Ambiguidade como técnica e sentimento

“Pedro Páramo”, do mexicano Juan Rulfo, é um marco ao colocar a literatura latino-americana no mapa mundial
Juan Rulfo, autor de “Pedro Páramo”
01/02/2023

A ambiguidade é, com certeza, o recurso técnico mais sofisticado do romance Pedro Páramo, do mexicano Juan Rulfo, fundador do realismo mágico, precioso movimento latino-americano que solidificou a literatura na região e a colocou no mesmo nível da produção europeia, segundo a avaliação da crítica internacional. Gerald Martin, biógrafo de Gabriel García Márquez, afirma, por exemplo, que Cem anos de Solidão colocou a literatura latino-americana definitivamente no mapa da literatura universal.

Mesmo assim é preciso destacar que tudo começa com Pedro Páramo. Um romance em que os mortos conversam, na narrativa de Juan Preciado e em cuja primeira parte se lê a história de um homem truculento, voraz e estúpido, extravagante e excêntrico, retrato sem retoques de um ditador latino e suas bestialidades.

Excentricidade e extravagância que se revelam mais tarde em nome de Suzana San Juan, a grande paixão de Pedro — e aí o romance perde a sua intensa carga política para se transformar num romance de amor — daí a sua ambiguidade, um homem que ama desesperadamente, violentamente, é aquele mesmo criminoso, bandido, fazendeiro arbitrário, cujas relações sociais são dramaticamente cruéis.

Sobretudo depois que o leitor percebe que Suzana San Juan é uma mulher tísica, que vive nua numa vala, submetida a todo tipo de dor e sofrimento.

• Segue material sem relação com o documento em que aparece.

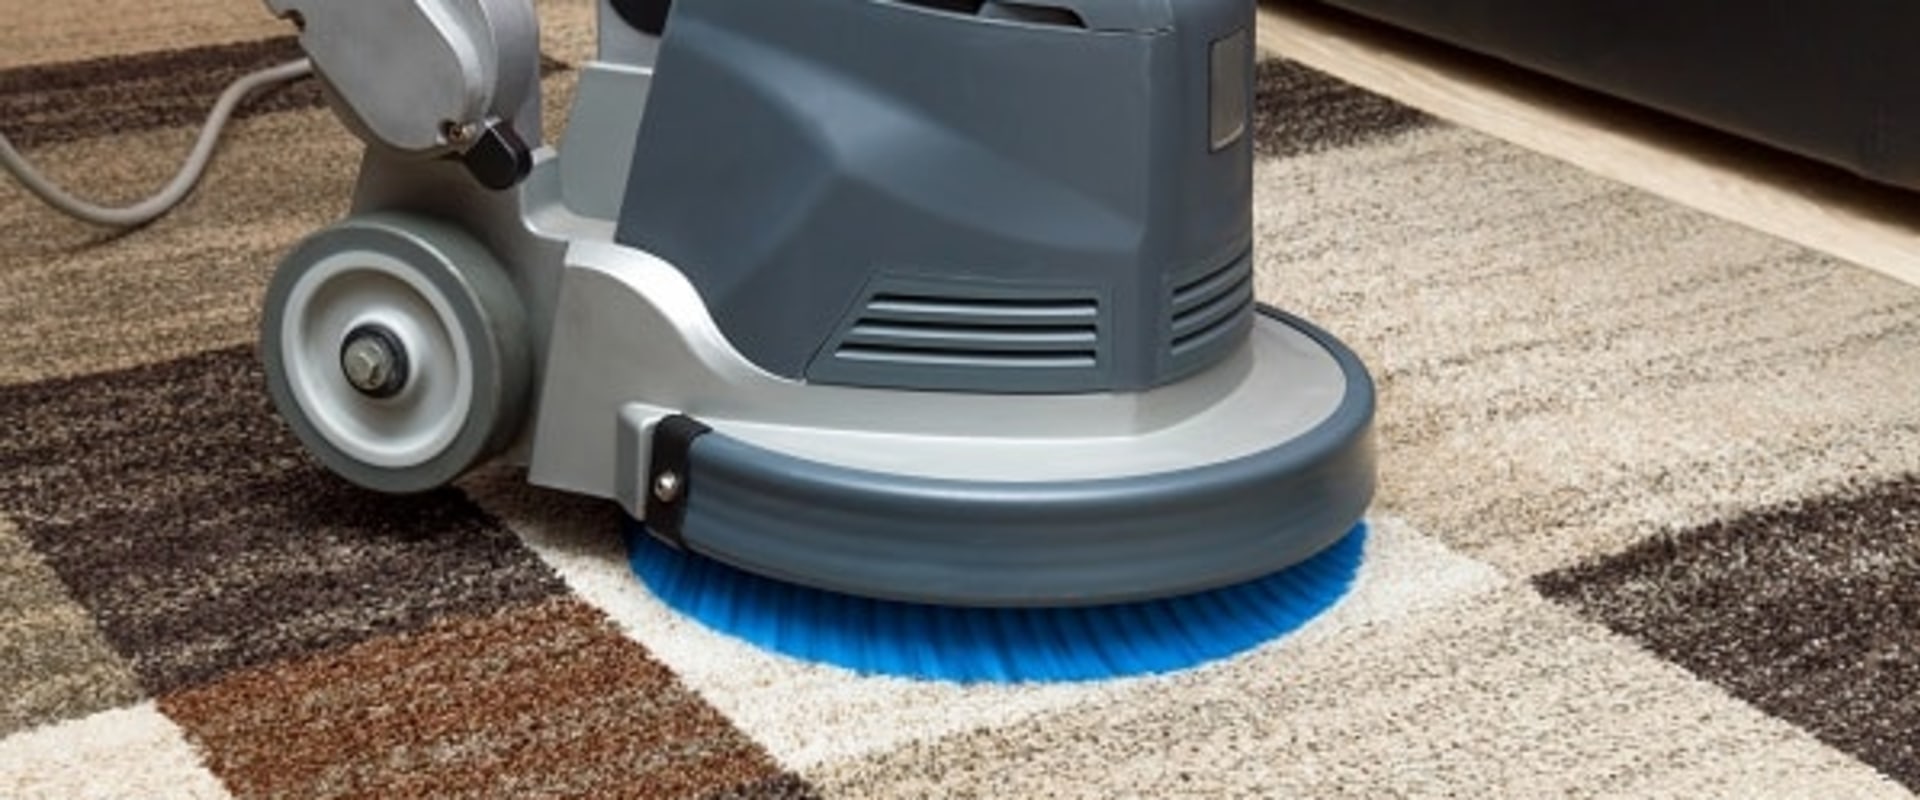 Where to rent commercial carpet cleaner?

Donde se conclui que, inevitavelmente, é a metáfora de uma região explorada, torturada, doente, que se chama América Latina, capaz de provocar este amor, que produz um Guevara, concluindo-se, todavia, que Pedro jamais seria um líder guerrilheiro, e que Suzana não poderia encarnar o tipo da mulher ideal consumista. Tudo isso em nome da técnica, da mesma técnica que Juan Rulfo é criador e renovador.

Estas relações de poder e de amor resultam na criação de uma obra absolutamente gigantesca que não apenas coloca a literatura latina no mapa universal da criação, mas a supera em muitos sentidos. O que se observa no perfeito discurso indireto livre logo nas primeiras frases:

Vim a Comala porque me disseram que aqui vivia meu pai, um tal de Pedro Páramo. Minha mãe me disse.

Como se percebe, duas vozes. Tudo sob a coordenação do narrador único Juan Preciado. Essa sofisticação nos permite chegar a Cem anos de solidão e a outras obras que transformaram o romance do Continente.

Raimundo Carrero

É escritor. Autor, entre outros, de Seria uma noite sombria Minha alma é irmã de Deus.